2The Applicant is not a licensed driver and was a pedestrian progressing through a crosswalk when struck by a motor vehicle.
ISSUES
3The issues in dispute are:
i. Are the Applicant’s injuries predominantly minor as defined in s. 3 of the Schedule and therefore subject to treatment within the $3,500.00 Minor Injury Guideline (“MIG”) limit? Note: The parties agree the MIG limits have been exhausted.
ii. Is the Applicant entitled to $2,680.00 for an orthopedic assessment, proposed by Complete Rehab Centre in a treatment plan/OCF-18 (“plan”) dated February 15, 2022?
iii. Is the Applicant entitled to $2,460.00 for psychological services, proposed by Complete Rehab Centre in a plan dated April 18, 2022?
iv. Is the Respondent liable to pay an award under s. 10 of Reg. 664 because it unreasonably withheld or delayed payments to the Applicant?
v. Is the Applicant entitled to interest on any overdue payment of benefits?
RESULT
4I find that:
i. The Applicant’s accident-related impairments do not warrant removal from the MIG;
ii. As the Applicant is in the MIG, it is not necessary to consider if the treatment plans in dispute are reasonable and necessary.
iii. The Respondent is not liable to pay an award under s. 10 of Reg. 664; and
iv. As no benefits are payable, the Applicant is not entitled to interest.
ANALYSIS
The Minor Injury Guideline
5I find that the Applicant has not demonstrated, on the balance of probabilities, that she suffers from an injury or condition that warrants removal from the MIG.
6An insured may be removed from the MIG if they can establish that their accident-related injuries fall outside of the MIG or, under s. 18(2), that they have a documented pre-existing injury or condition combined with compelling medical evidence stating that the condition precludes recovery if they are kept within the confines of the MIG. The Tribunal has also determined that chronic pain with functional impairment or a psychological condition may warrant removal from the MIG. In all cases, the burden of proof lies with the Applicant.
7The Applicant submits that she requires treatment beyond the MIG because she has a documented pre‑existing condition, mechanical back pain, that precludes maximal recovery within the MIG. She further submits that she suffers from chronic pain that results in functional impairment and psychological symptoms.
Pre-existing Condition
8I find that the Applicant has failed to prove, on a balance of probabilities, that she had a pre-existing condition that would prevent achieving maximal recovery from the accident-related minor injuries, if treated within the MIG.
9In order to be removed from the MIG limits based on a pre-existing condition, pursuant to s. 18(2) of the Schedule, the Applicant must provide compelling evidence, documented before the accident, from her health practitioner that she had a pre-existing medical condition that will prevent her achieving maximal recovery from her minor injuries if subject to the MIG limit.
10I find that although the Applicant had a pre-existing condition, mechanical back pain, there is little evidence to support that any pre-existing condition prevented the Applicant from achieving maximum medical recovery from her accident-related injuries.
11The Applicant points me to the s. 25 report dated April 4, 2022, completed by Dr.
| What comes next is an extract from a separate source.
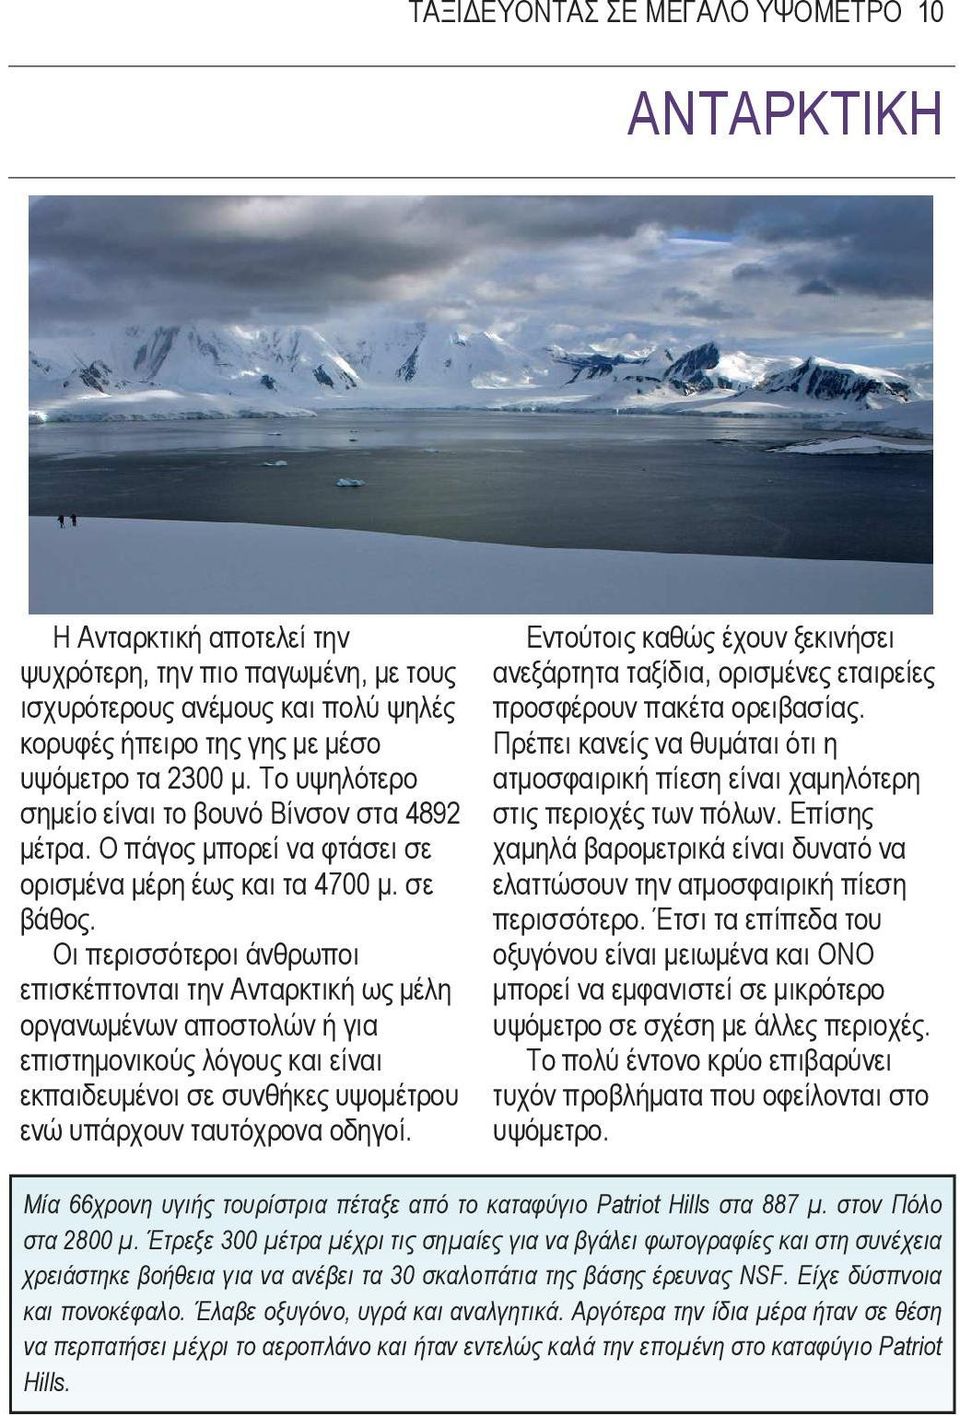 Οι περισσότεροι άνθρωποι επισκέπτονται την Ανταρκτική ως µέλη οργανωµένων αποστολών ή για επιστηµονικούς λόγους και είναι εκπαιδευµένοι σε συνθήκες υψοµέτρου ενώ υπάρχουν ταυτόχρονα οδηγοί.

Michael West, orthopedic specialist. Dr. West noted that, “Ms. Pinnock requires ongoing treatment and rehabilitation in order to achieve maximum medical recovery. These treatment modalities will far exceed the $3500 under the MIG.” The Applicant therefore argues that she should be removed from the MIG based on her pre-existing medical condition that was exacerbated as a result of the accident.
12The Respondent argues the Applicant does not rely on any medical opinion that states that the Applicant would be prevented from reaching maximal medical recovery within the MIG as a result of pre-existing impairments. I agree with the Respondent. The applicant has not directed me to any such opinion from a treating doctor.
13I find, pursuant to s. 18(2) of the Schedule, the Applicant has not met her burden to provide compelling evidence, documented before the accident, from a health practitioner that she had a pre-existing medical condition that will prevent her achieving maximal recovery from her minor injuries if subject to the MIG limit.
Psychological Impairment
14The Applicant has not satisfied her burden to prove that she suffers from a psychological condition that warrants removal from the MIG.
15The Applicant submits she should be removed from the MIG due to psychological injuries. The Applicant relies on a s. 25 psychological assessment by Sandeep Kaur, a psychotherapist, under the supervision of Dr. Sedigheh Naisi, a psychologist, the Applicant underwent on April 4, 2022. The resulting psychological report is dated April 18, 2022. According to that report, the Applicant was diagnosed with: major depressive disorder, specific phobia – situational type (motor vehicles), and somatic pain disorder, with predominant pain, persistent.
16As part of the psychological assessment, a variety of tests were completed by the Applicant. On the PCL-5 PTSD checklist, the Applicant obtained an overall score of 29. The assessor offered no interpretation of this score. In the Beck Anxiety Inventory, she obtained a score which indicated “severe” anxiety. In the Beck Depression Inventory-2, the Applicant obtained a score which indicated “severe” depression. On the Pain Patient Profile, her profile suggests that she considers her pain to be serious. The M-FAST test score indicates the information gathered from the interview is likely valid and an accurate reflection of her current condition.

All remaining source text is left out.